Democratic State Sen. Faith Winter, a sponsor of the original legislation, is disappointed the governor’s administration is supporting a plan that could allow businesses to “pay to pollute.” 

“It ensures we are allowing corporations to pay to harm communities,” Winter said. “The idea that we would let you buy yourself out of justice is hard for me to accept.” 

Frustration from the environmental community

For Ean Thomas Tafoya, the state director of GreenLatinos, the endorsement of a mitigation fund was confirmation that the governor’s office wasn’t serious about following the spirit of the Environmental Justice Act. 

He said the point of the law was to improve air quality around major industrial sites. Under the proposed pollution trading system, he said companies could follow the rules without actually making any on-site reductions in greenhouse gases or co-pollutants, a term for other toxic gases released alongside carbon. 

“No rule would be better than the rule that’s on the table,” Tafoya said.

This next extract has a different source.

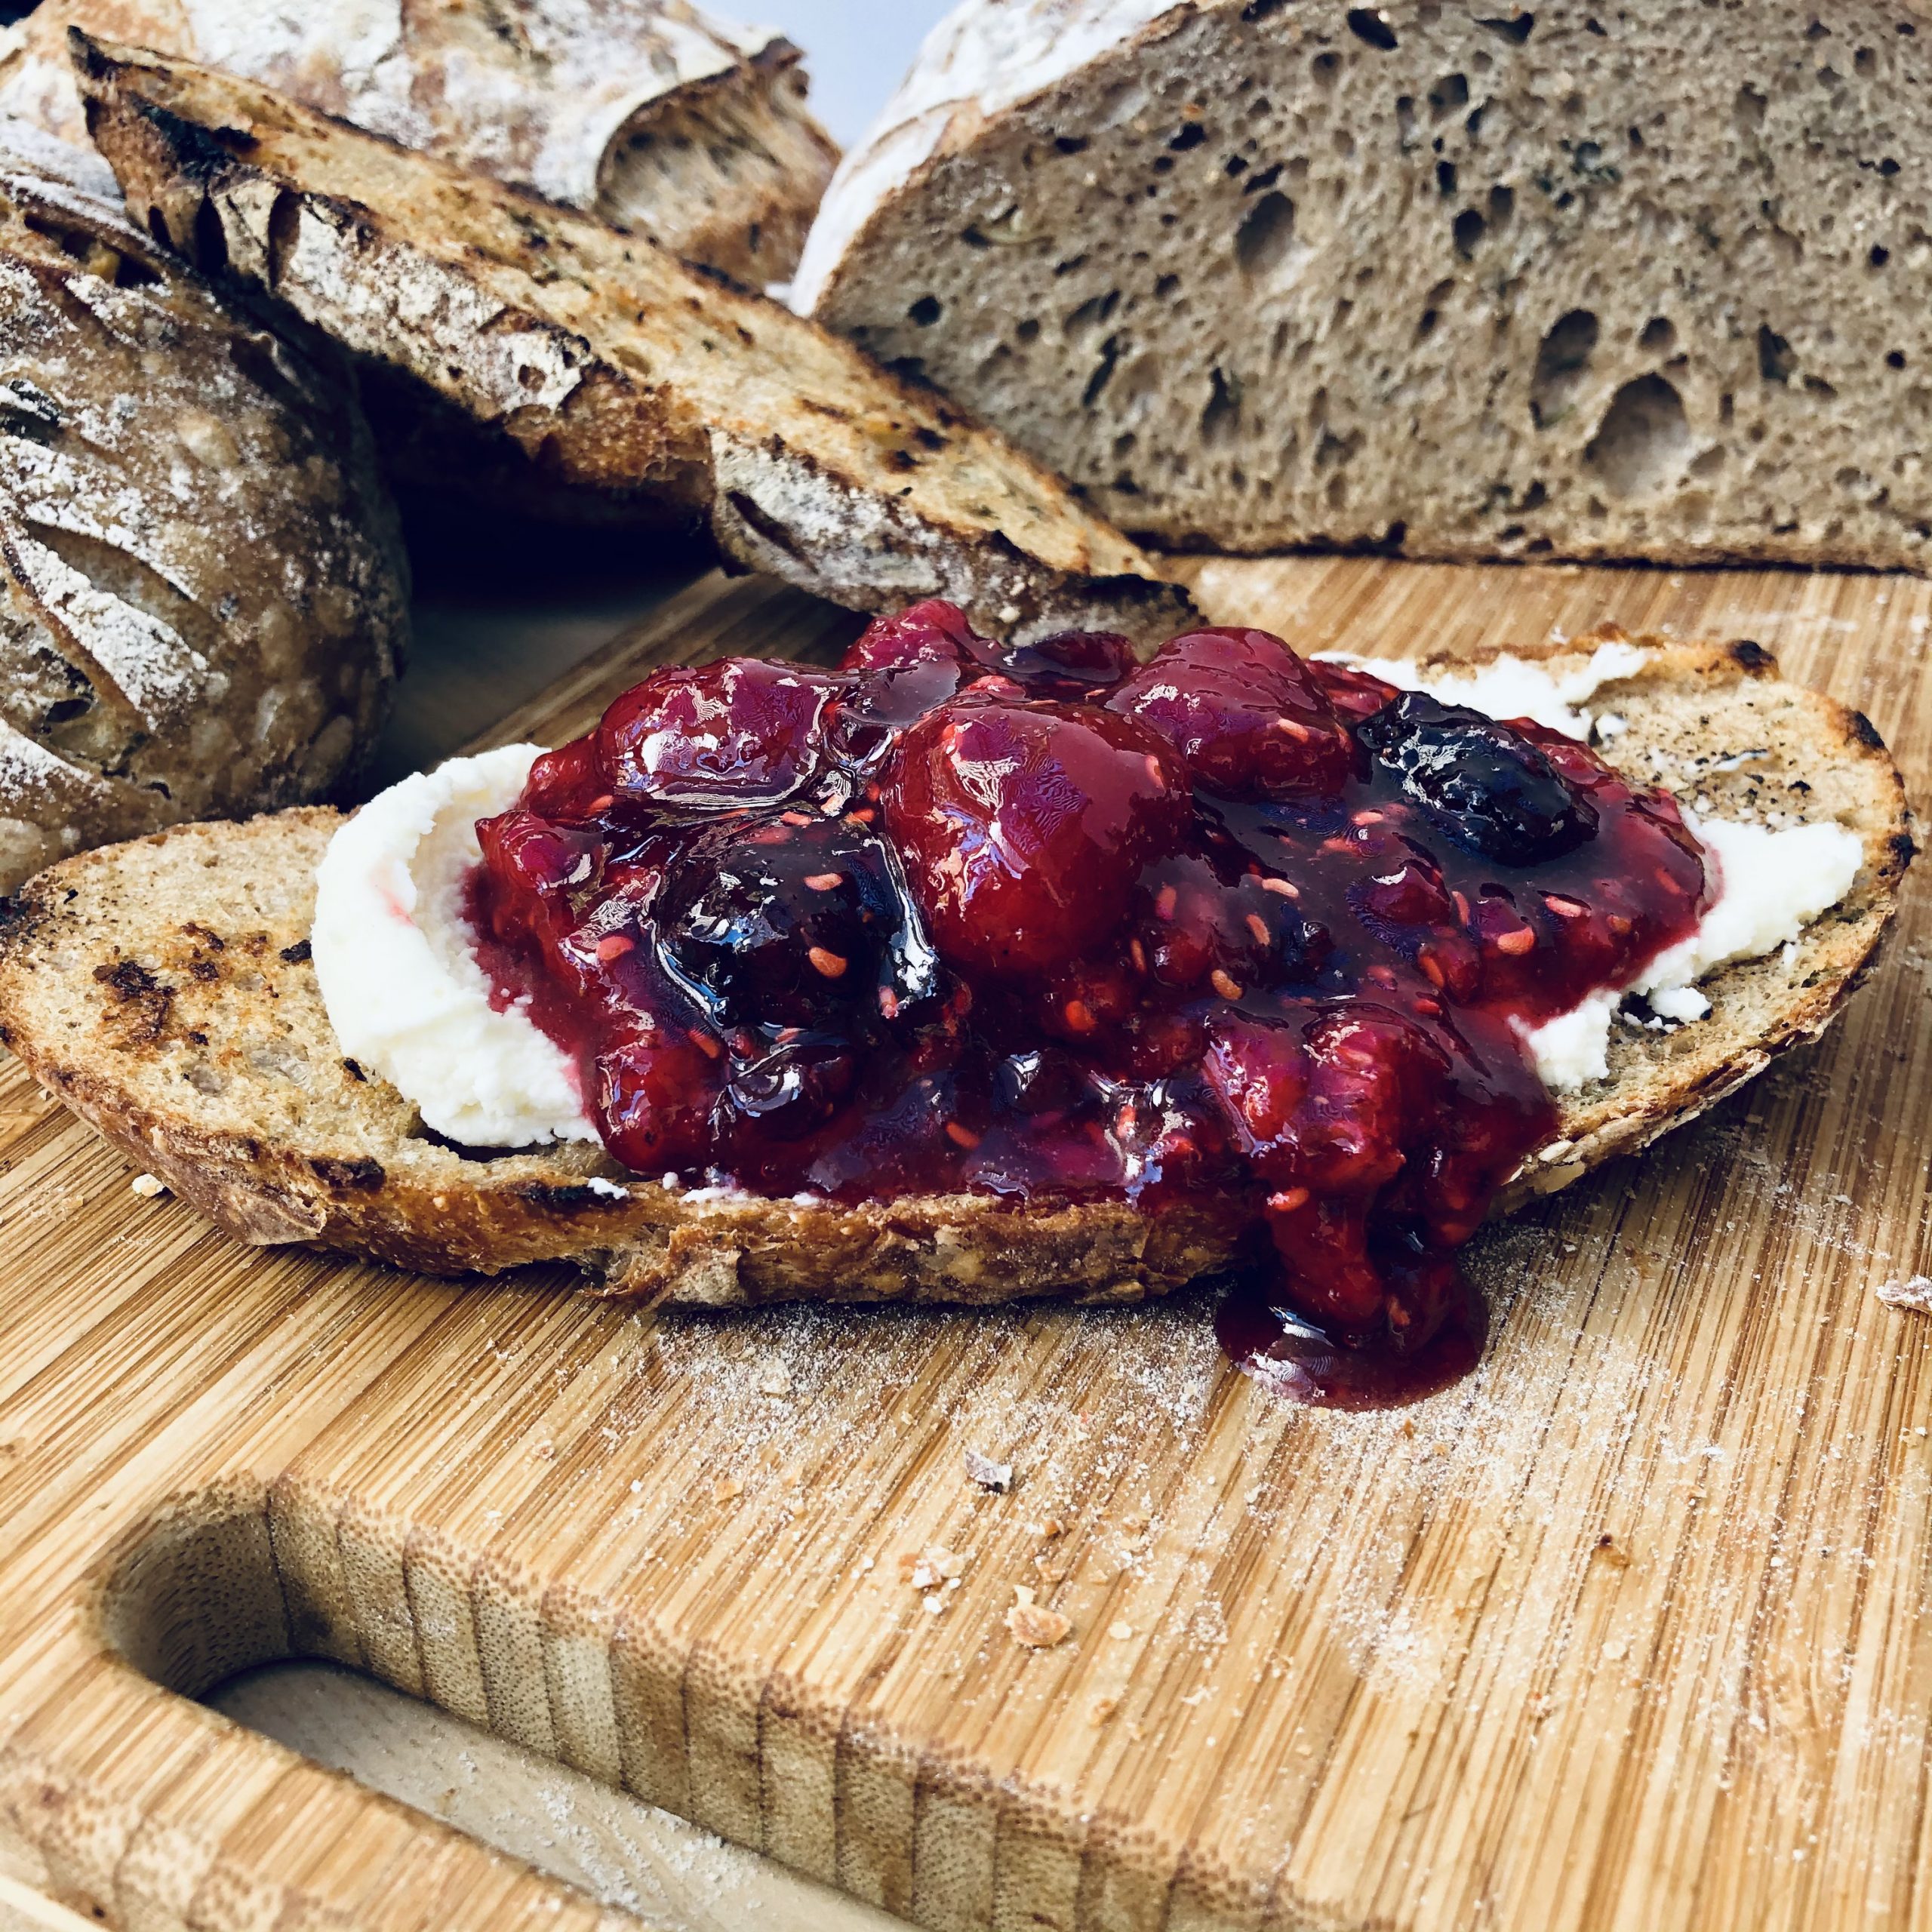 Mascapone cheese with berry preserves on roasted garlic and herbs sourdough

Tafoya also didn’t close the door on a potential lawsuit if regulators endorse the proposed regulations. His group has already joined other environmental groups to sue the state over another permitting rule required on the 2021 environmental justice law. 

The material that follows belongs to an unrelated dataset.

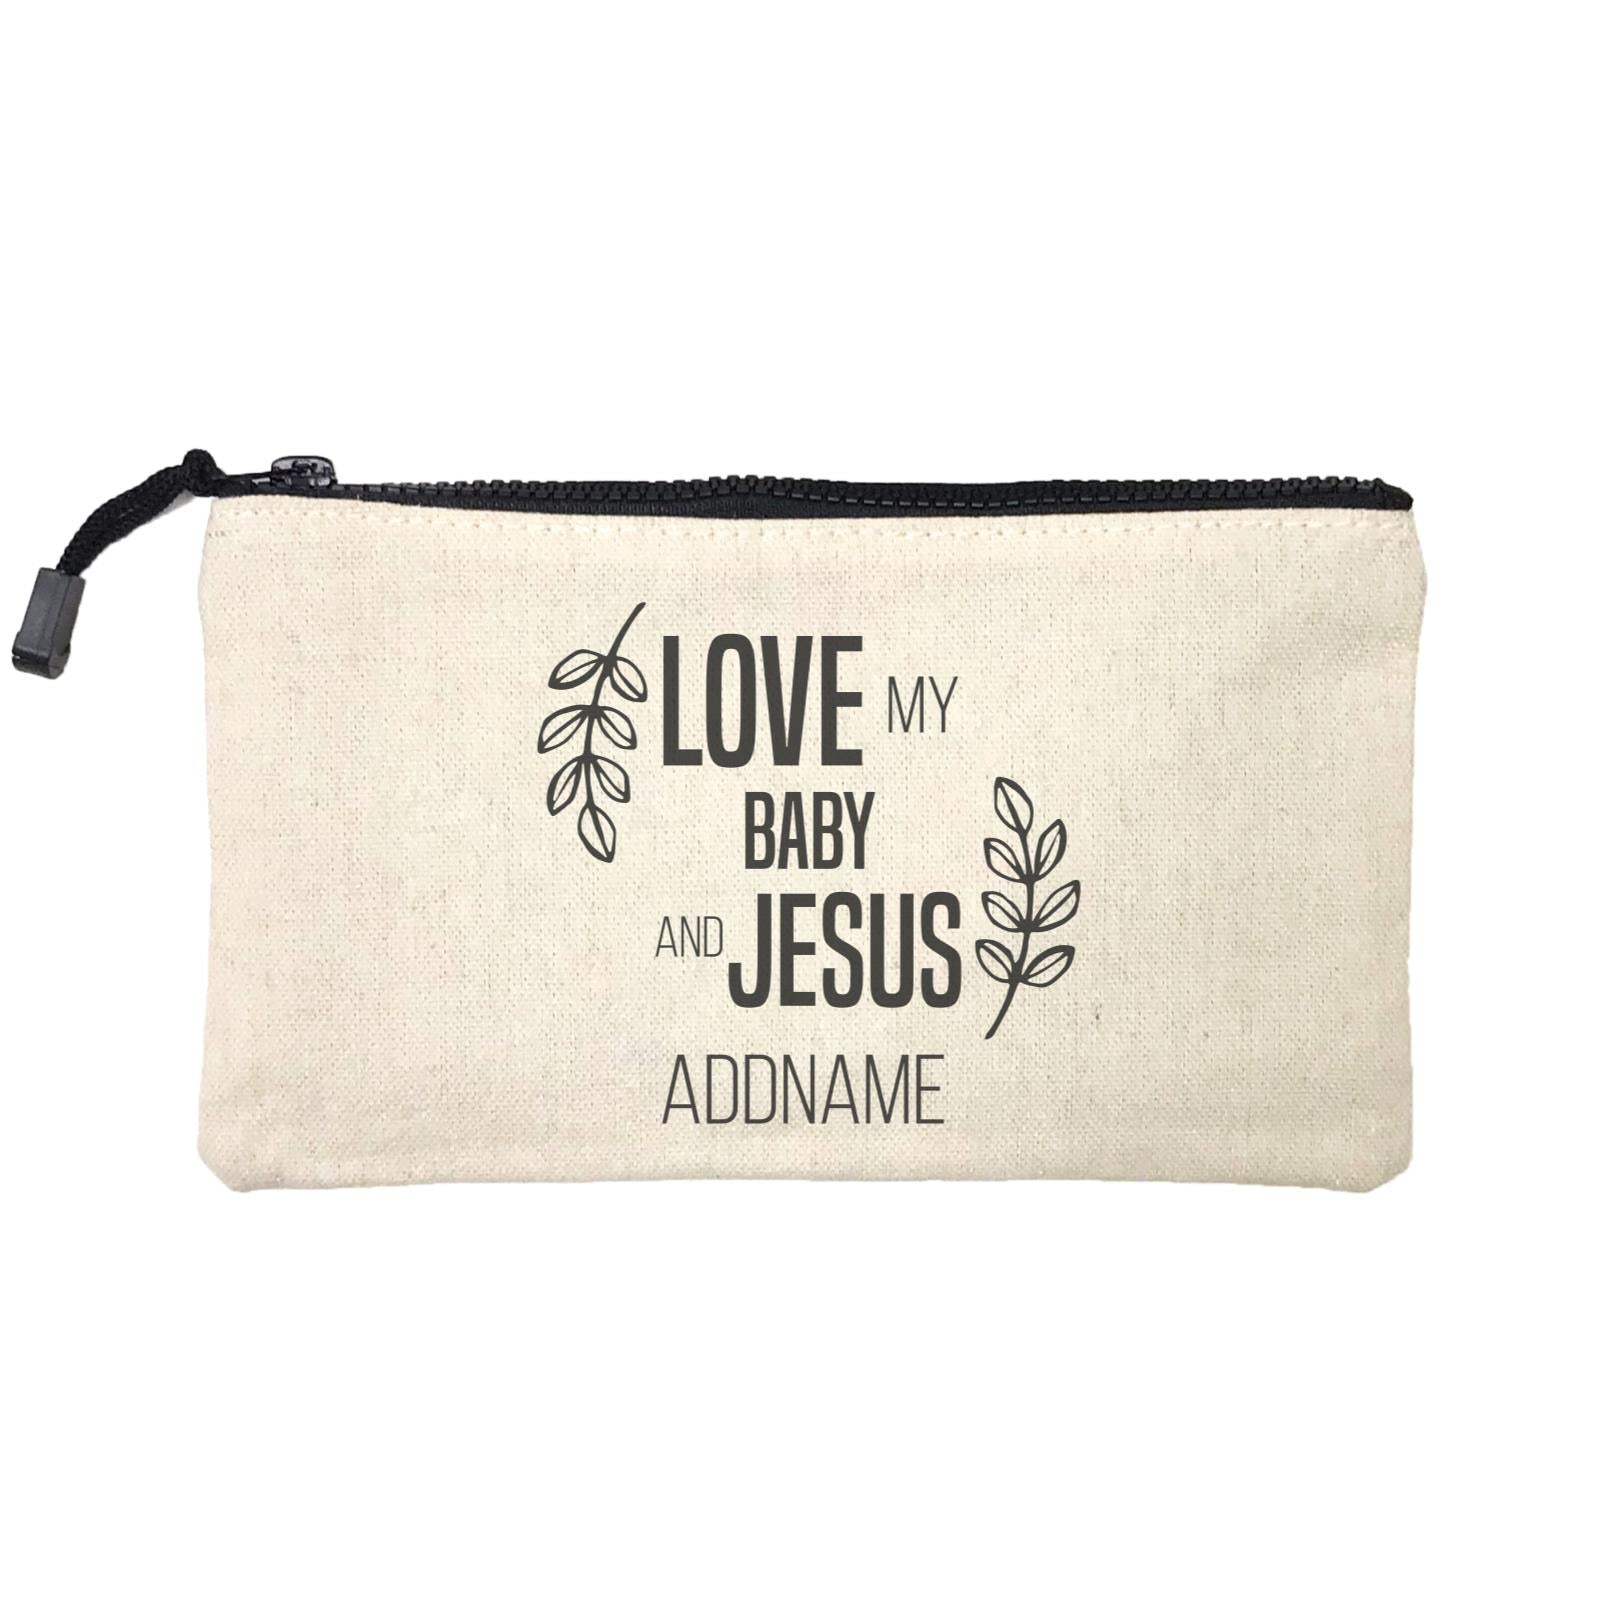 Christian Series Love My Baby And Jesus Addname Mini Accessories Stationery Pouch

Meanwhile, the Environmental Defense Fund has argued the current rules would actually allow facilities to increase emissions over the next few years before tougher requirements take effect in 2030. That’s due to the state’s complicated method for calculating each facility’s baseline emissions and interim targets. 

The EDF’s alternate proposal would revamp Colorado’s pollution trading program. Rather than giving companies credits based on reductions, it would issue a set number of pollution permits below the state’s overall emissions cap. 

The nonprofit says the structure has already proven successful in California, but that state’s system has also drawn criticism from environmental justice advocates concerned it encourages some facilities to pollute in heavily impacted neighborhoods.

Collin Tomb, a Boulder County climate strategist representing a coalition of 44 local governments, said her group will nevertheless continue to push for the EDF’s alternative plan because it's the only option that’d effectively force manufacturing sites to cut emissions. 

“The proposed rule doesn’t do that, and it doesn’t guarantee that the air will improve in our communities,” Tomb said.